Pull request vetters can view their responsibilities here.

Contributors can view more details about this message here.

aliceb-nv · 2026-05-05T09:01:36Z

/ok to test 64ba333

coderabbitai · 2026-05-05T09:10:56Z

📝 Walkthrough

Walkthrough

Introduces CPUFJ (CPU-based feasibility-jump heuristic) task execution into the root-cut processing loop via new structured task types, refactored initialization and solver extensions supporting work-unit limits, a factory API for task creation, and OpenMP task-based orchestration within branch-and-bound with explicit lifecycle management via scope guards.

Changes

CPU Feasibility-Jump Root-Cut Integration

Layer / File(s)	Summary
Type Definitions `cpp/src/mip_heuristics/feasibility_jump/cpu_fj_thread.cuh`	New `cpu_fj_thread_t<i_t, f_t>` worker with lifecycle hooks (`on_start`, `run_worker`, `on_terminate`), solution-found signaling, configurable time/work-unit limits, and ownership of `fj_cpu_climber_t`. New `fj_cpu_task_t<i_t, f_t>` encapsulates task execution state with preemption flag and custom-deleter `unique_ptr`.
Solver Extensions `cpp/src/mip_heuristics/feasibility_jump/fj_cpu.cu` (lines 1637–1816)	`cpufj_solve_loop` now accepts `work_unit_limit` parameter; loop breaks when work units exceed limit. `cpu_fj_thread_t::run_worker()` passes limit to solver.
Initialization Refactoring `cpp/src/mip_heuristics/feasibility_jump/fj_cpu.cu` (lines 1313–1560)	New `finalize_fj_cpu_host_initialization(...)` initializes flip-move caches and problem features. New `init_fj_cpu_from_host_lp(...)` constructs host FJ state from LP problem, rebuilds reverse CSR, and calls finalize.
Task Lifecycle API `cpp/src/mip_heuristics/feasibility_jump/cpu_fj_thread.cuh`, `cpp/src/mip_heuristics/feasibility_jump/fj_cpu.cu` (lines 1856–1898)	`make_fj_cpu_task_from_host_lp(...)` constructs tasks from host LP with improvement callback. `run_fj_cpu_task(...)` executes with time and work-unit limits. `stop_fj_cpu_task(...)` signals preemption. Custom deleter manages climber cleanup.
Root-Cut Loop Integration `cpp/src/branch_and_bound/branch_and_bound.cpp` (lines 2229–2556)	Introduces `cut_pass_action_t`/`cut_pass_result_t` for structured control flow. Root-cut CPUFJ task spawned as OpenMP task per cut pass, explicitly awaited, and stopped. Direct `break`/`continue` decisions replaced with structured CONTINUE/BREAK/RETURN actions propagating infeasibility, numerical, and termination outcomes.
Final Root-Cut Phase `cpp/src/branch_and_bound/branch_and_bound.cpp` (lines 2570–2587)	After main cut processing, conditionally builds and runs final CPUFJ root-cut task when cuts exist, using computed remaining time limit in deterministic mode.
Header Reorganization & Wiring `cpp/src/branch_and_bound/branch_and_bound.cpp` (lines 13, 29), `cpp/src/mip_heuristics/feasibility_jump/fj_cpu.cuh` (lines 19–23), `cpp/src/mip_heuristics/local_search/local_search.cu` (line 128–132)	Added includes for `cpu_fj_thread.cuh` and `scope_guard.hpp`. Refactored `fj_cpu.cuh` to include new thread header and removed local `cpu_fj_thread_t` declaration. Updated improvement callback lambda to capture `this` for member access.
Template Instantiations `cpp/src/mip_heuristics/feasibility_jump/fj_cpu.cu` (lines 1899–1954)	Explicit template instantiations for `float` and `double` of new task factory, execution, finalization, and helper utilities.

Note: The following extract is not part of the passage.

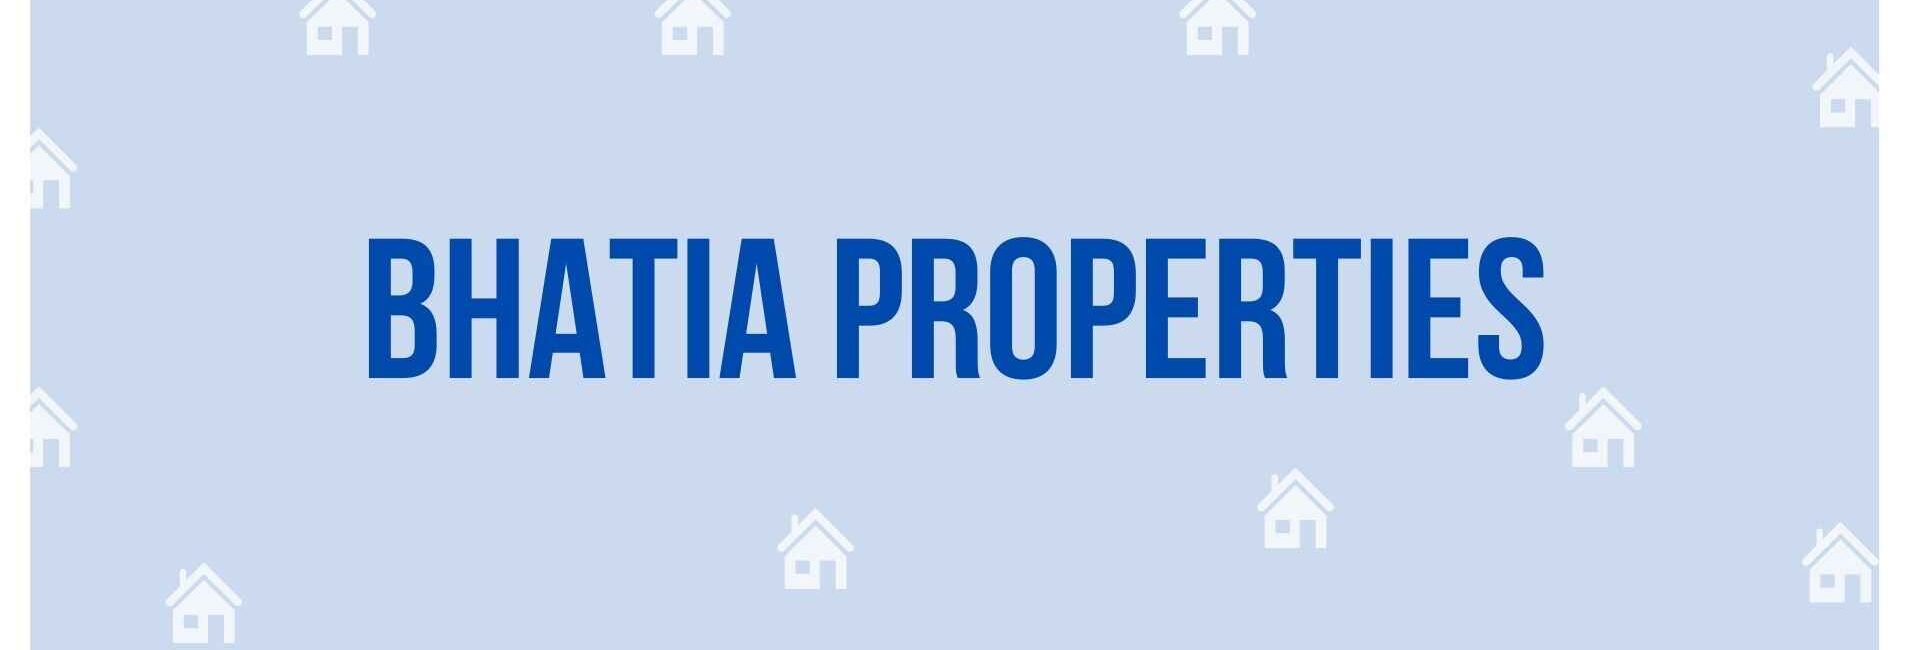 Bhatia Properties - Property Dealer in Noida

Estimated code review effort

🎯 4 (Complex) | ⏱️ ~50 minutes

🚥 Pre-merge checks | ✅ 5

✅ Passed checks (5 passed)

Check name	Status	Explanation
Title check	✅ Passed	The title 'Run CPUFJ bursts at the root' clearly describes the main objective of the pull request: enabling CPUFJ heuristic to run during root cut passes.
Description check	✅ Passed	The description explains the purpose and benefits of running CPUFJ bursts during root cuts, citing specific performance improvements on instances like tutaki and awhea.
Docstring Coverage	✅ Passed	No functions found in the changed files to evaluate docstring coverage. Skipping docstring coverage check.
Linked Issues check	✅ Passed	Check skipped because no linked issues were found for this pull request.
Out of Scope Changes check	✅ Passed	Check skipped because no linked issues were found for this pull request.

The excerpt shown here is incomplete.